Requirement: Within the entries below, please return exactly the lines from the one with "Frohes Neues Jahr" through the one with "permette di visualizzare", leaving out any pictures.

Data under study:
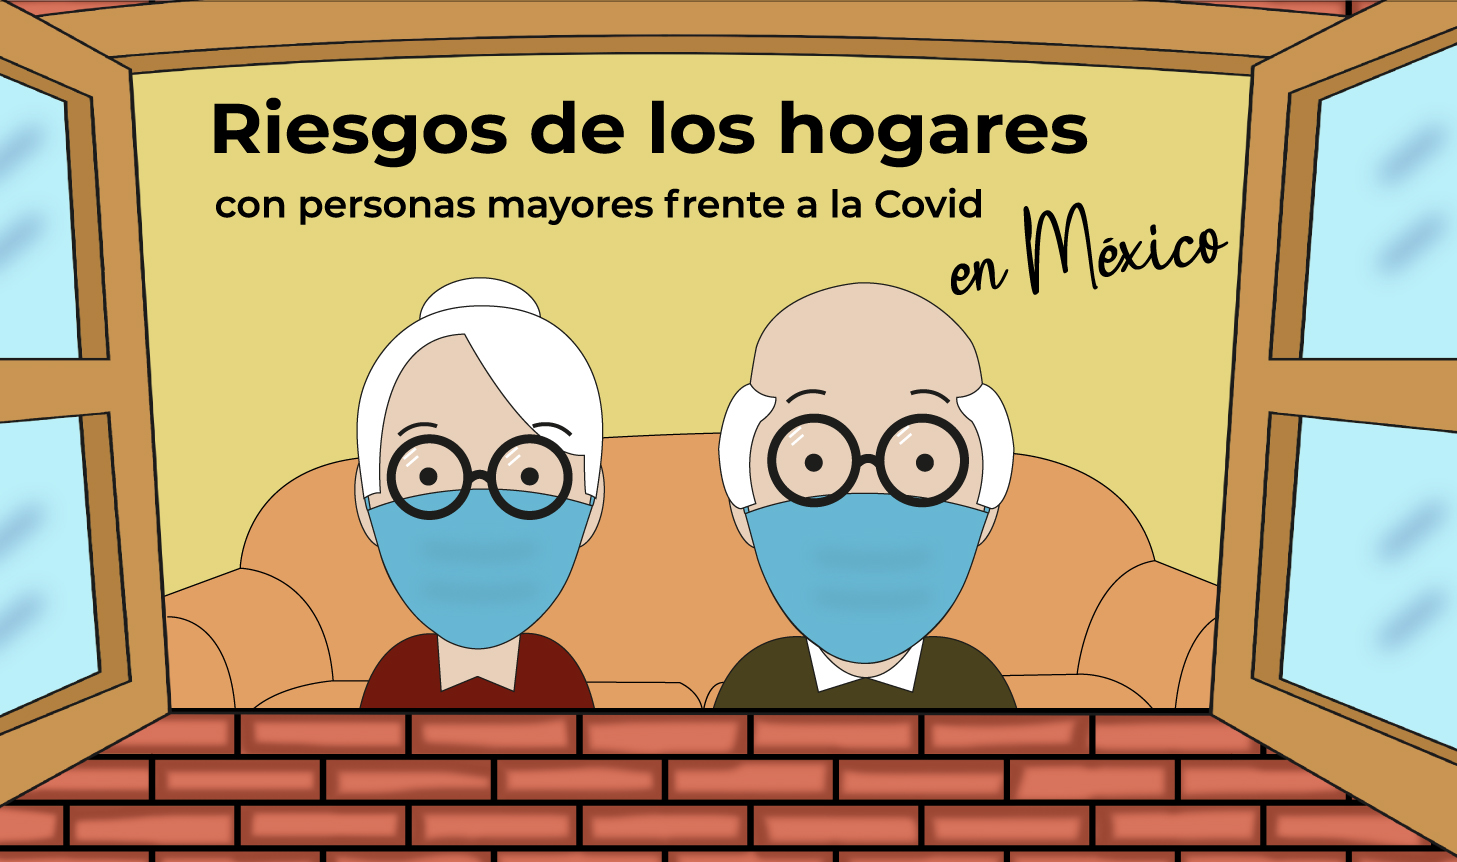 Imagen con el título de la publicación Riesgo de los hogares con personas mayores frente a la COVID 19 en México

* * *

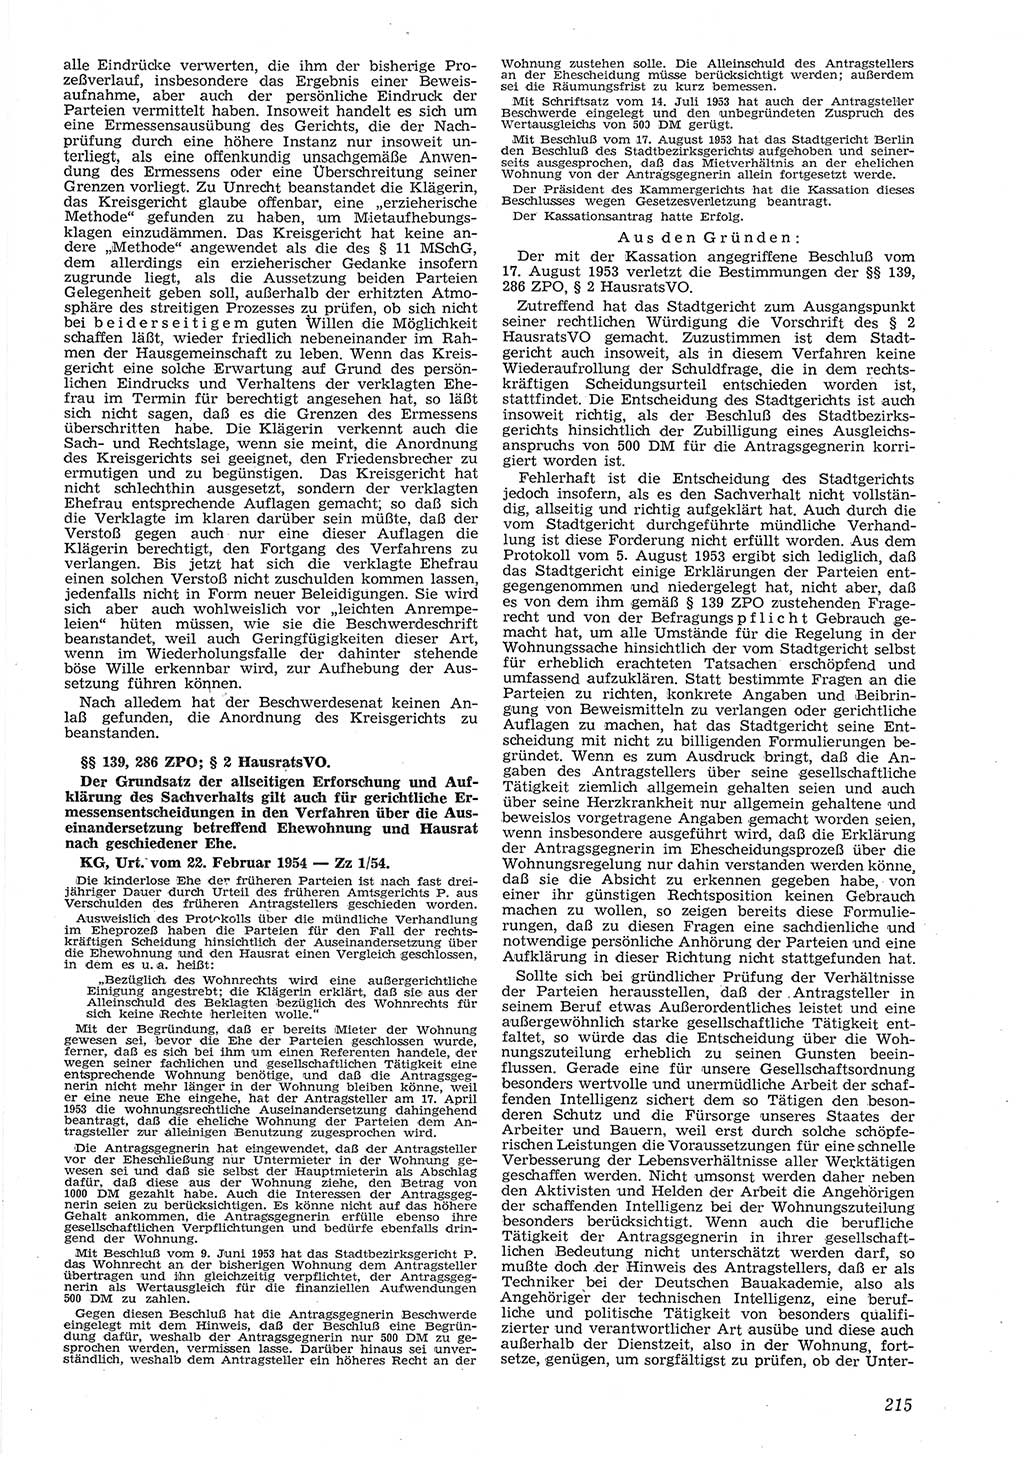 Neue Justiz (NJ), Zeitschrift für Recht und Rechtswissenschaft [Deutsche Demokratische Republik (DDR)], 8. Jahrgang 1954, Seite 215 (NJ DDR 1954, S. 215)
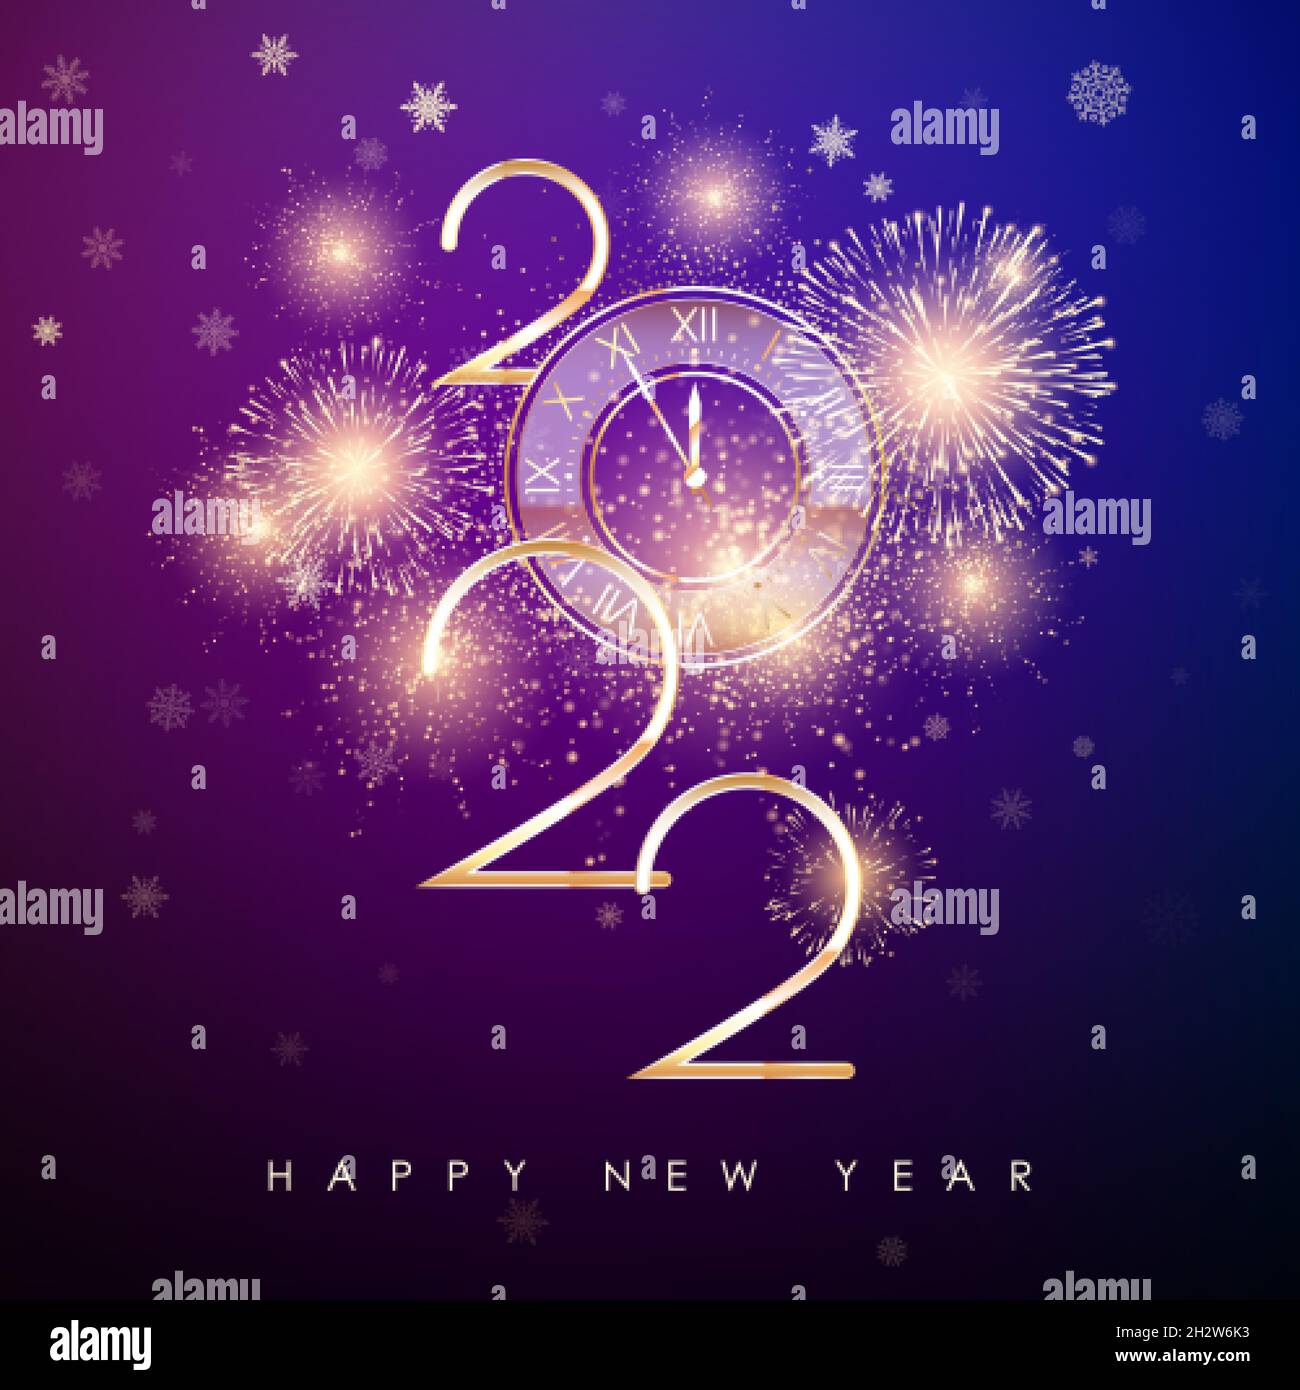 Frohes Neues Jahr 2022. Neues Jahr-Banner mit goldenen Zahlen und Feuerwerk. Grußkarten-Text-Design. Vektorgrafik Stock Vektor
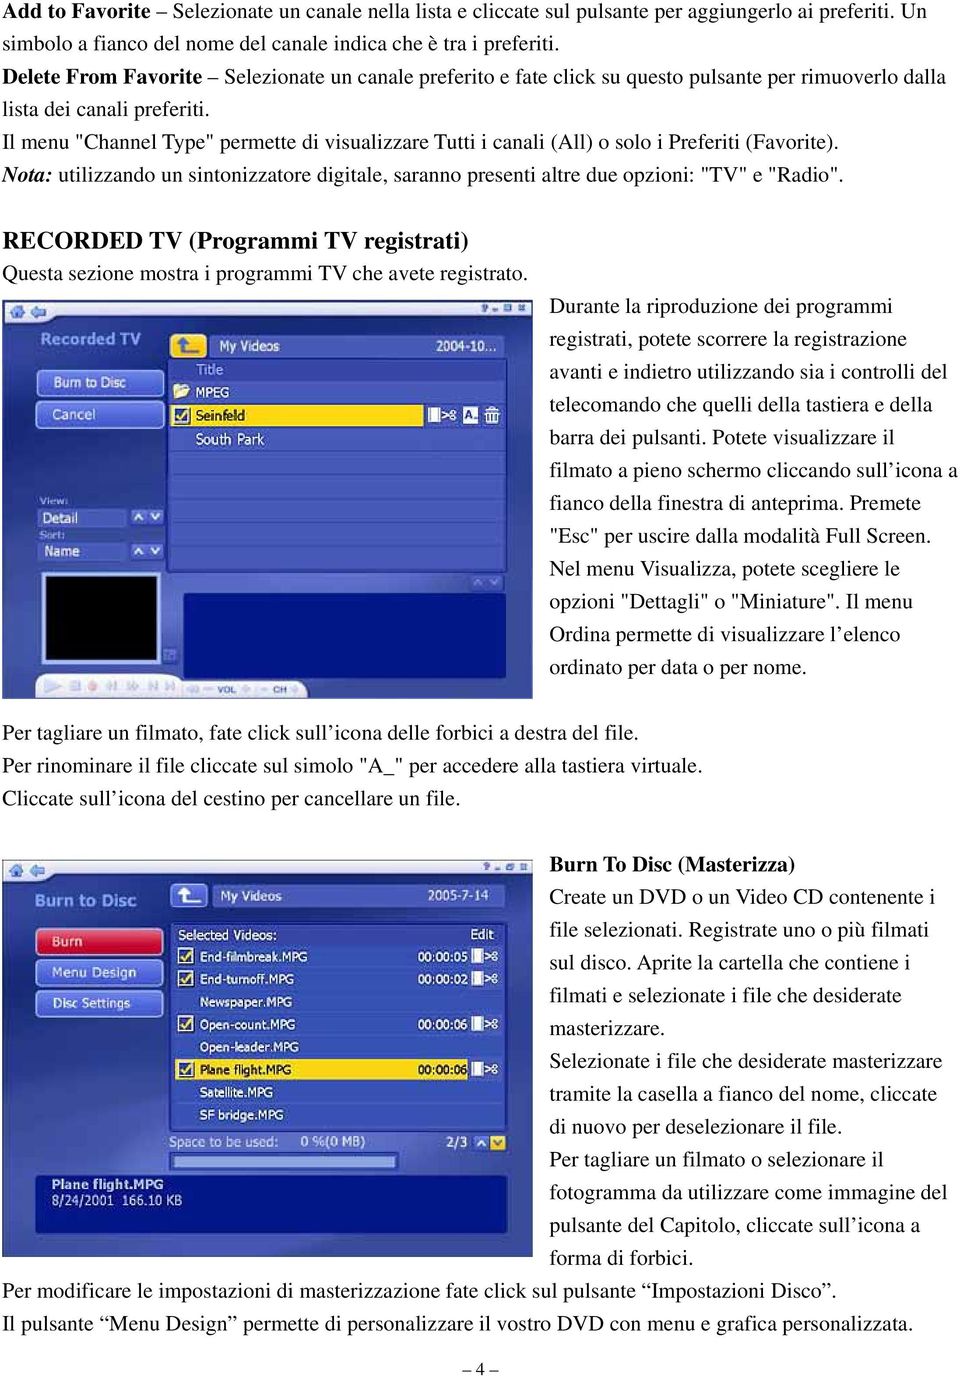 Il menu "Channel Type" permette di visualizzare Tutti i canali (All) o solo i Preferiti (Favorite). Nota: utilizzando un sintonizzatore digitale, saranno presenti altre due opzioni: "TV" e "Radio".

--

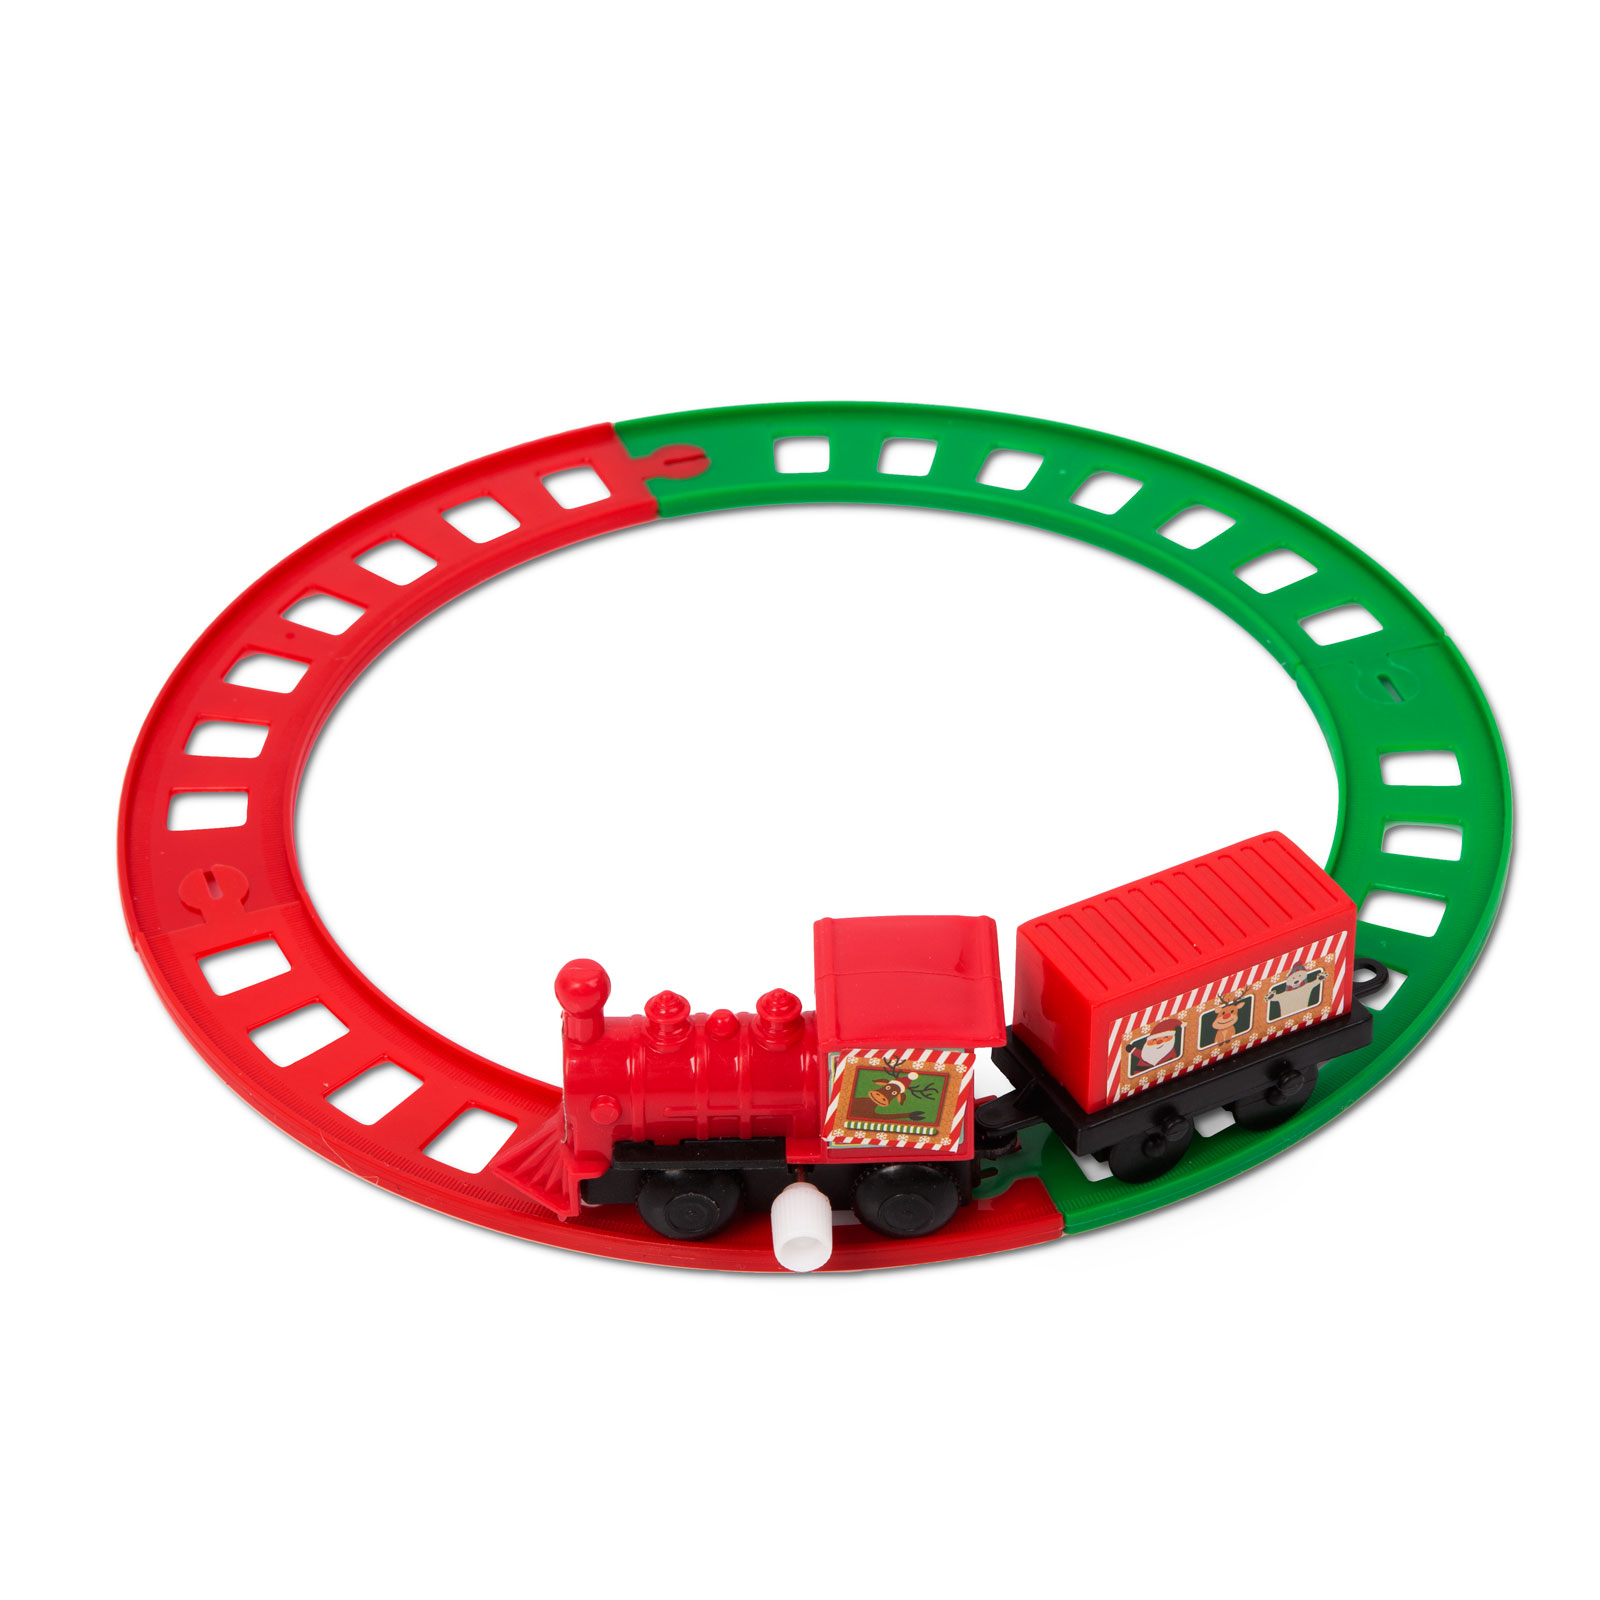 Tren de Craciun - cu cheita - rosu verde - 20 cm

Exercise output:
 Frohes Neues Jahr 2022. Neues Jahr-Banner mit goldenen Zahlen und Feuerwerk. Grußkarten-Text-Design. Vektorgrafik Stock Vektor
 Il menu "Channel Type" permette di visualizzare Tutti i canali (All) o solo i Preferiti (Favorite). Nota: utilizzando un sintonizzatore digitale, saranno presenti altre due opzioni: "TV" e "Radio".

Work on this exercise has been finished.